Emily felt no love for the cells, at least not yet, but she had resigned herself to acceptance. Clay was not altogether wrong when he implied that Emily’s pregnancy was her problem to deal with. She was the one who was going to live with it for the rest of her life. She sat back down on the bench. She stared out at the fallow garden.

She cleared her throat. She said, “I will—”

Her voice gave out.

Again, Emily felt strange to be alone and speaking out loud, but she needed to hear the words as much as she needed to say them. It was a wish list, to be honest, enumerating all of the precious things that she had lost in the short span of a few days. It was also a promise to give all of those lost things back to her eventual baby.

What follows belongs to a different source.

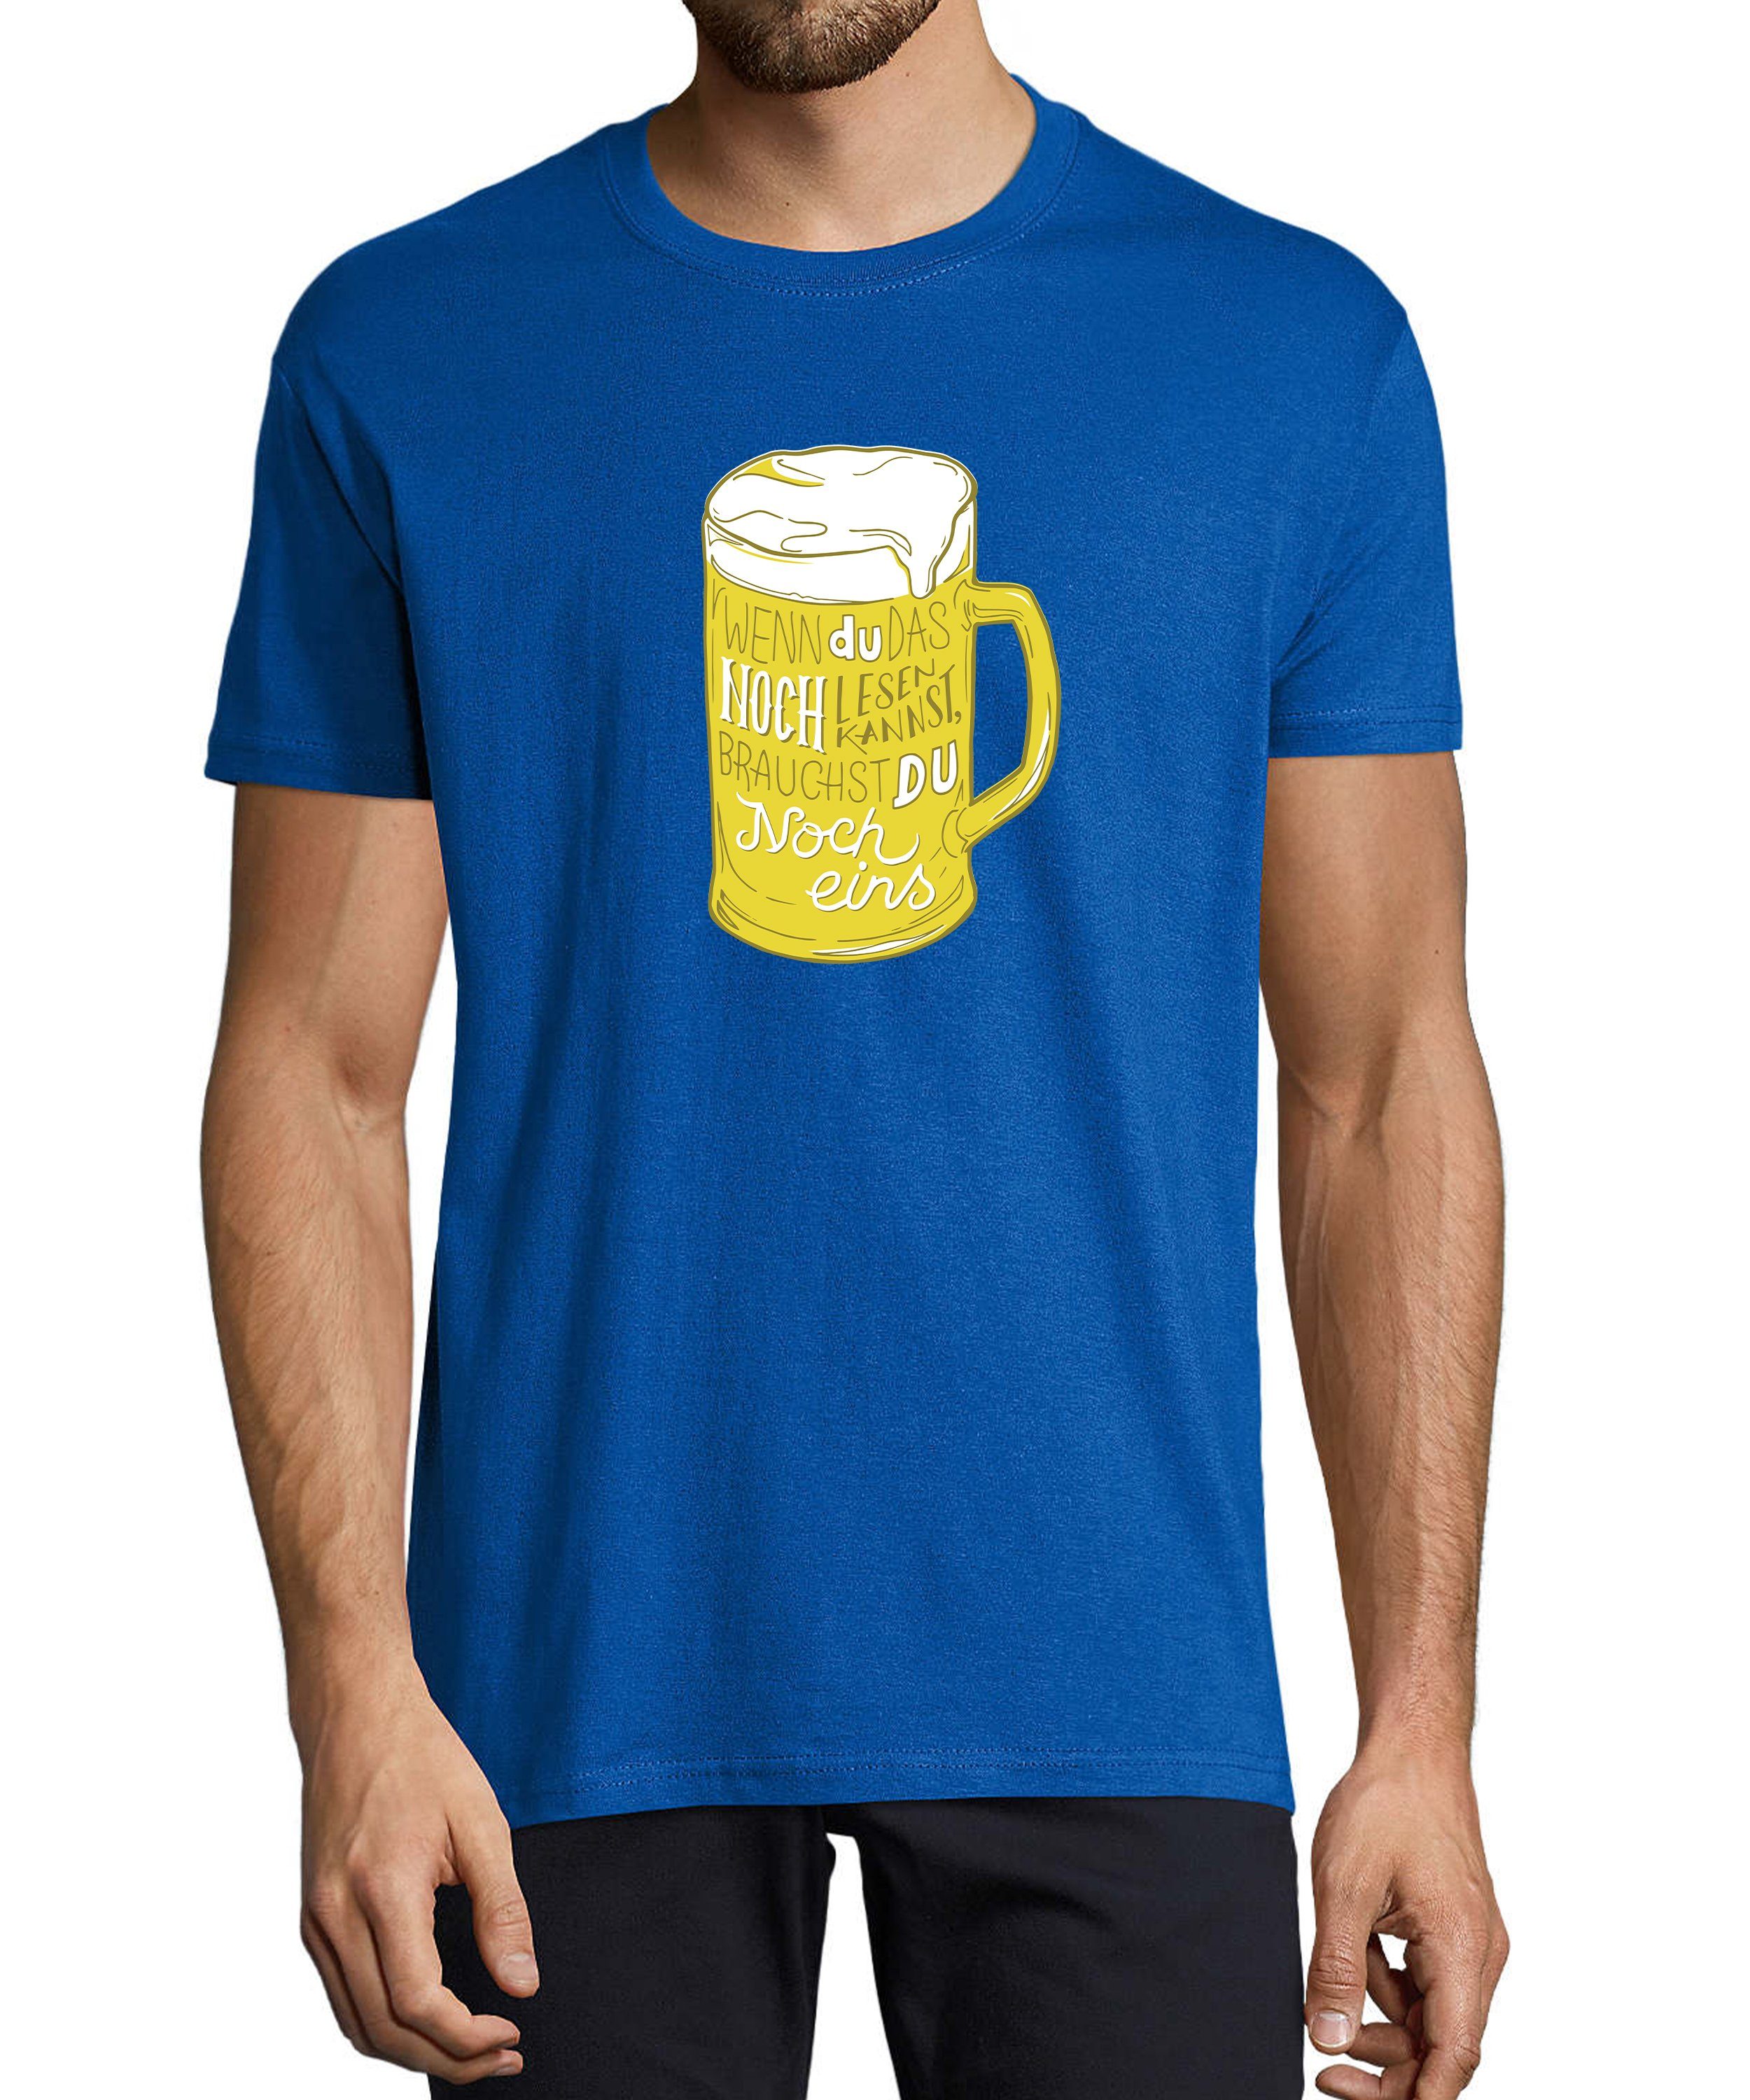 MyDesign24 T-Shirt Herren Fun Print Shirt - Oktoberfest Trinkshirt mit witzigem Spruch Baumwollshirt mit Aufdruck Regular Fit, i310 royal blau

She cleared her throat again. The pledge came freely this time, and loudly, because it mattered.

“I will protect you. No one will ever hurt you. You will always be safe.”

For the first time in days, Emily felt as if some of the stress had finally left her body.

Behind her, she heard the balcony door slam closed.

 

 

8


The salty water had a calming tint of French blue. Andrea floated upside down, weightless and free. She could stay down here, languid and warm, but something told her not to. Her hands reached up. Her feet pushed off. She broke through the surface. The sun kissed her shoulders. She wiped the water out of her eyes as waves lapped at her chin. She turned, looking back at the beach. Laura was underneath a large rainbow-colored umbrella. She was sitting up so that she could keep an eye on Andrea. Her top was off. The scars from her mastectomy showed. A man wearing a dark hoodie was sneaking up behind her.